Le plus important, quand on débute dans le monde du travail, est de rester focalisé sur ses objectifs professionnels. Aussi, si un jeune diplômé souhaite développer ses connaissances et obtenir un meilleur niveau de compétences dans son domaine, il ne doit surtout pas s’éparpiller. L’une des erreurs à ne pas commettre est de suivre un cursus scolaire ou d’accepter un job qui ne fasse pas progresser sa carrière professionnelle. Aussi, bien que la nécessité l’exige, le candidat doit toujours chercher à se former en gardant en permanence en tête l’emploi qu’il veut exercer. C’est cette ambition et cette persévérance qui lui permettront d’atteindre son objectif et d’obtenir le poste qu’il désire tant.
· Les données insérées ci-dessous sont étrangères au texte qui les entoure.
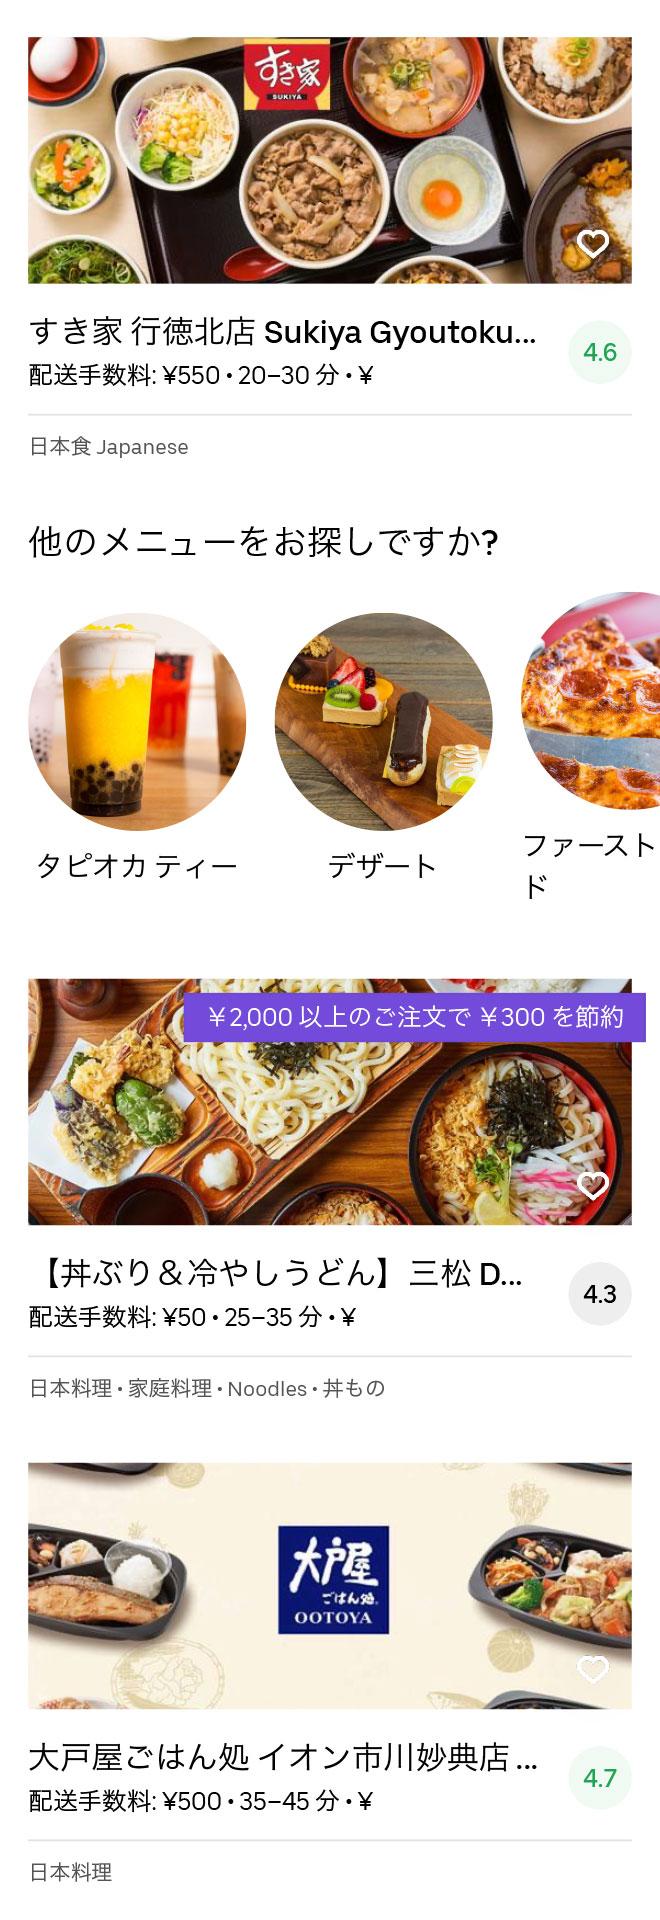 Funabashi nishi menu 2004 05

Pour devenir ingénieur, pour être cadre ou pour exercer une fonction qui correspond à ses études, un jeune diplômé doit très souvent justifier d’une expérience professionnelle importante auprès d’un potentiel employeur. Cette connaissance de la vie en entreprise peut être acquise à l’aide de stages mais aussi en se formant dans une structure agréée. Pour choisir le meilleur cursus, le candidat a largement le choix puisqu’il existe des organismes formateurs dans tous les domaines. Accessibles à partir de Bac +2 ou même avec simplement le Bac, tous les profils peuvent prétendre à intégrer ce type de cursus professionnalisants. Diplômantes et souvent reconnues par l’État, ces spécialisations représentent de réels atouts pour les recruteurs car elles démontrent l’investissement du candidat et sa motivation. En outre, leurs programmes prévoient toujours des mises en situations professionnelles voire des stages en entreprises pour vérifier l’aptitude des étudiants à répondre aux attentes des employeurs. Ainsi, cet apprentissage se présente comme une étape importante dans un parcours professionnel et facilite grandement l’accès à l’emploi.